- Opening Delimiter -

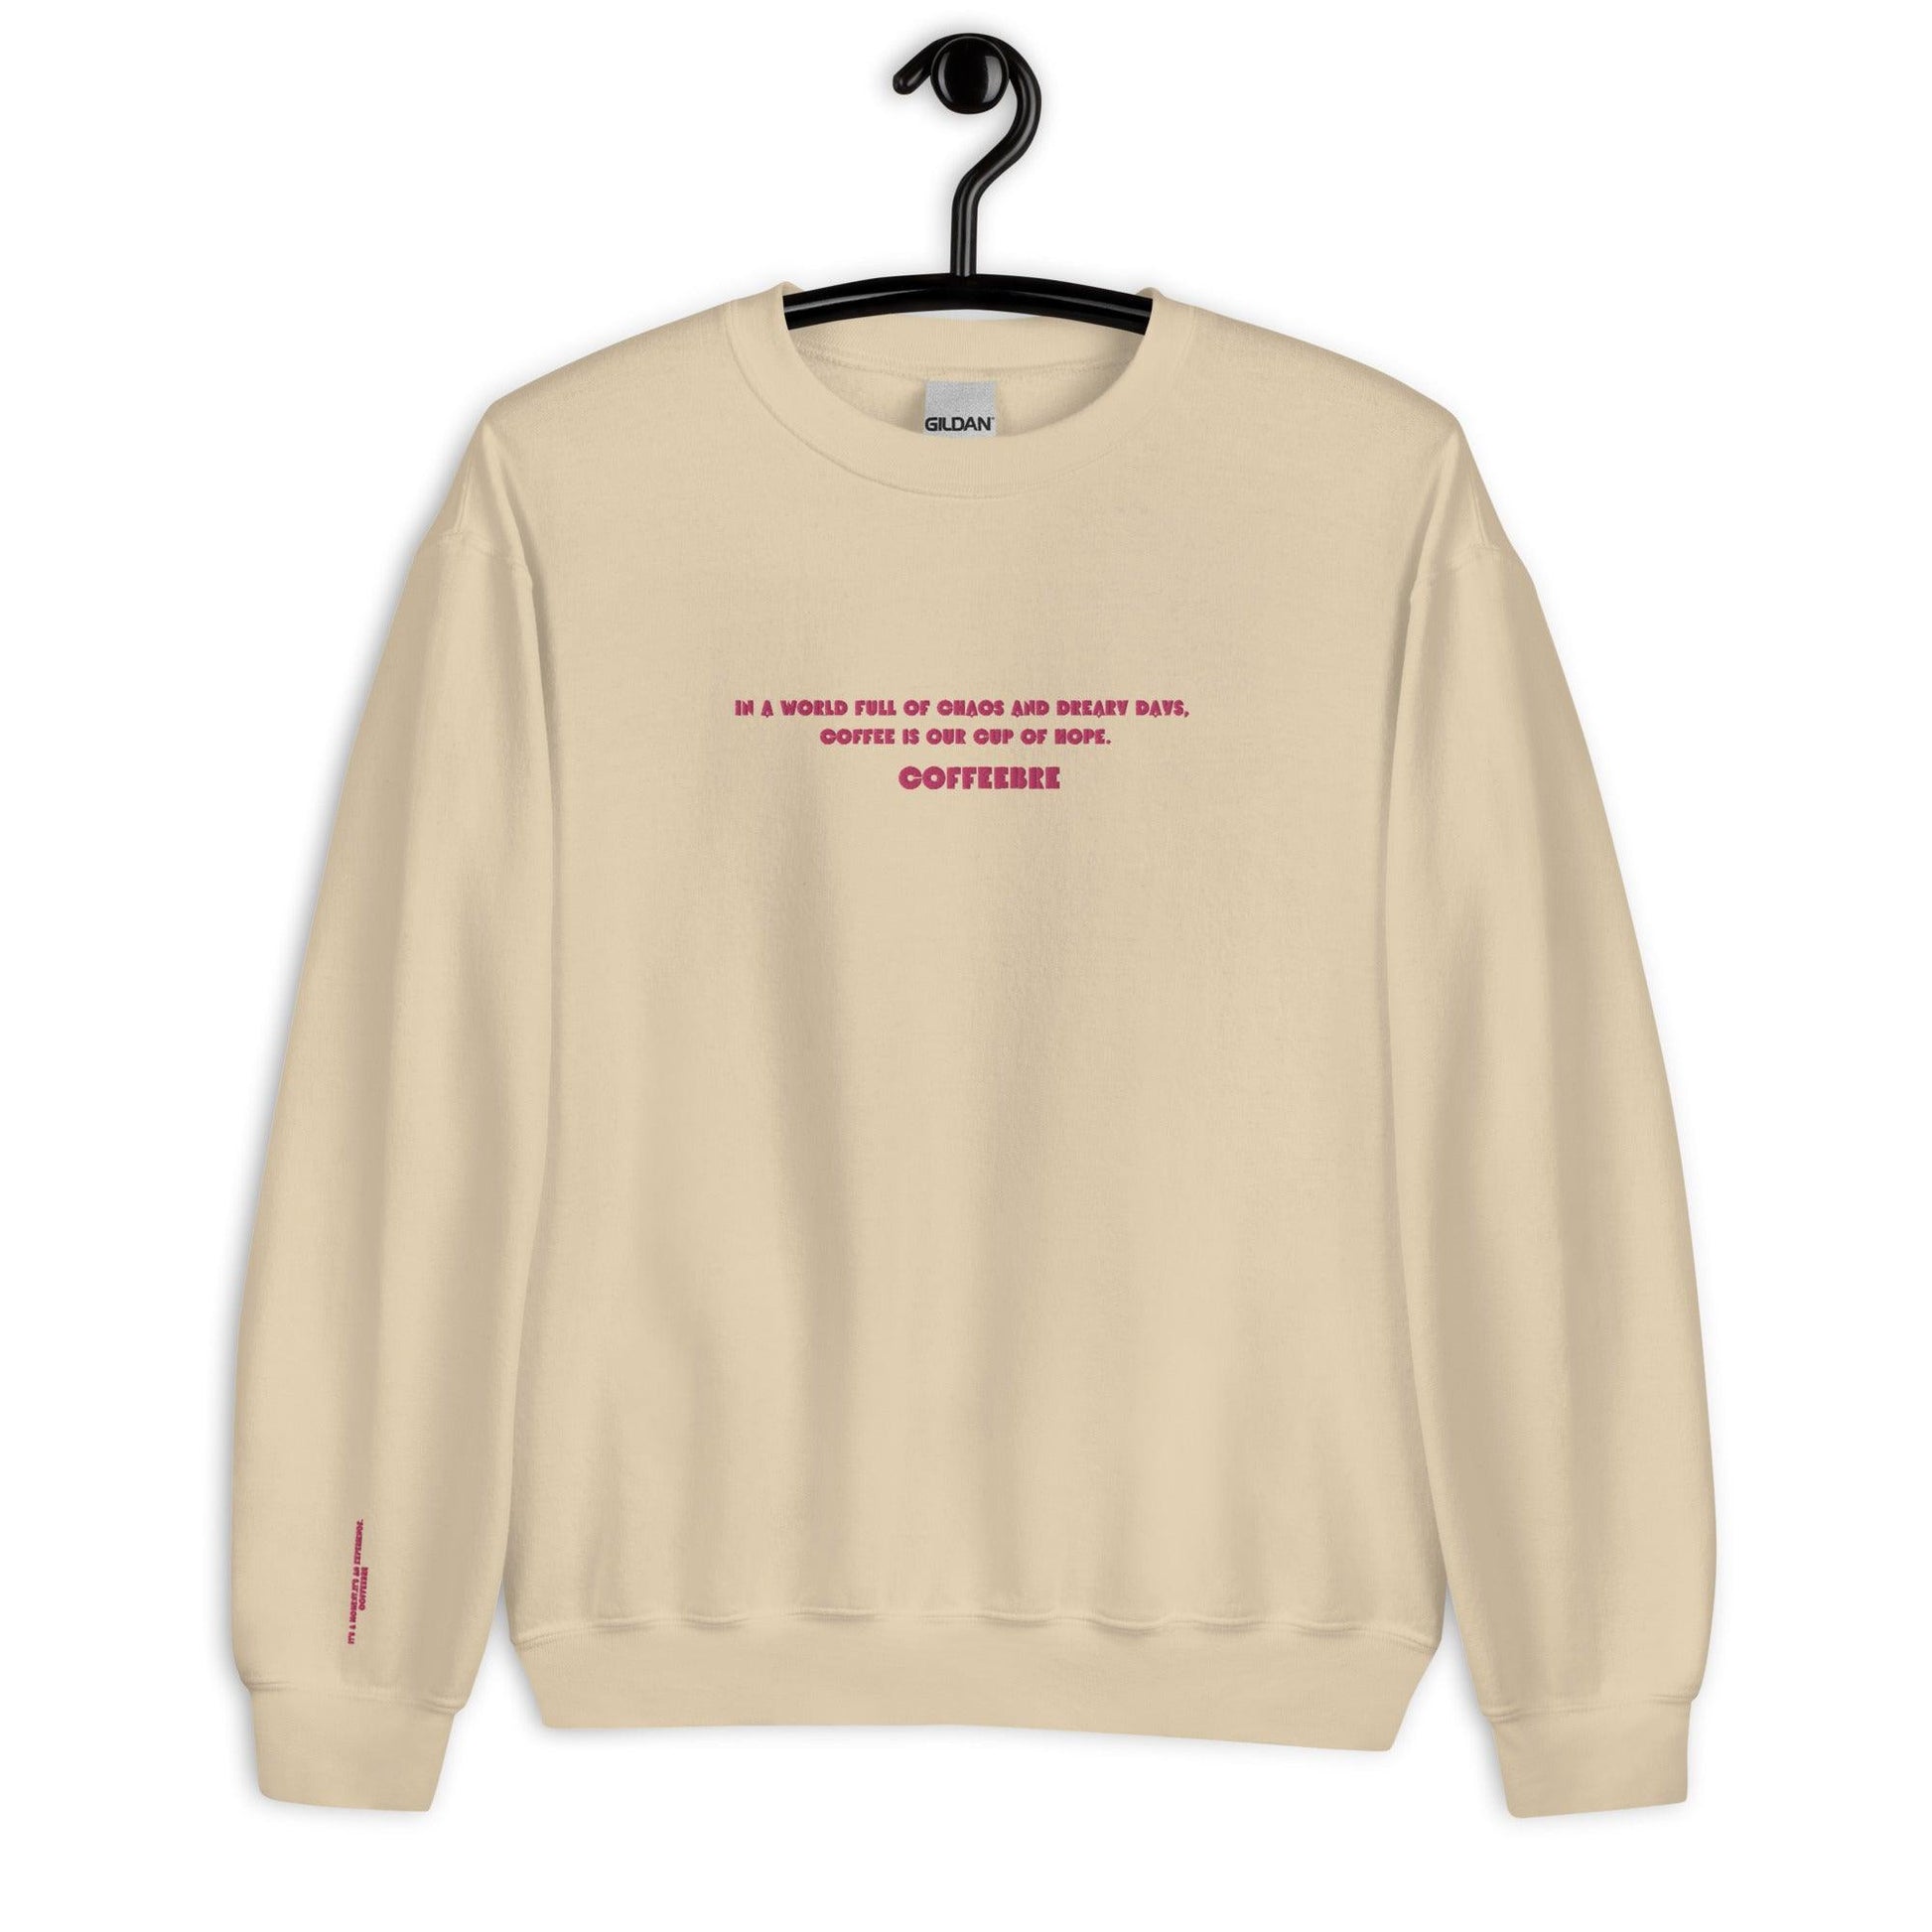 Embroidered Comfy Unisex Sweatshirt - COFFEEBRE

- Closing Delimiter -
- Opening Delimiter -

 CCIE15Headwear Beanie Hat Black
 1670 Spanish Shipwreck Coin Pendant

- Closing Delimiter -

The reply should hold only the lines of the listing above starting at the line containing "CCIE15Headwear Beanie Hat Black" and ending at the line containing "1670 Spanish Shipwreck Coin Pendant", exactly as written.

 CCIE15Headwear Beanie Hat Black
 1670 Spanish Shipwreck Coin Pendant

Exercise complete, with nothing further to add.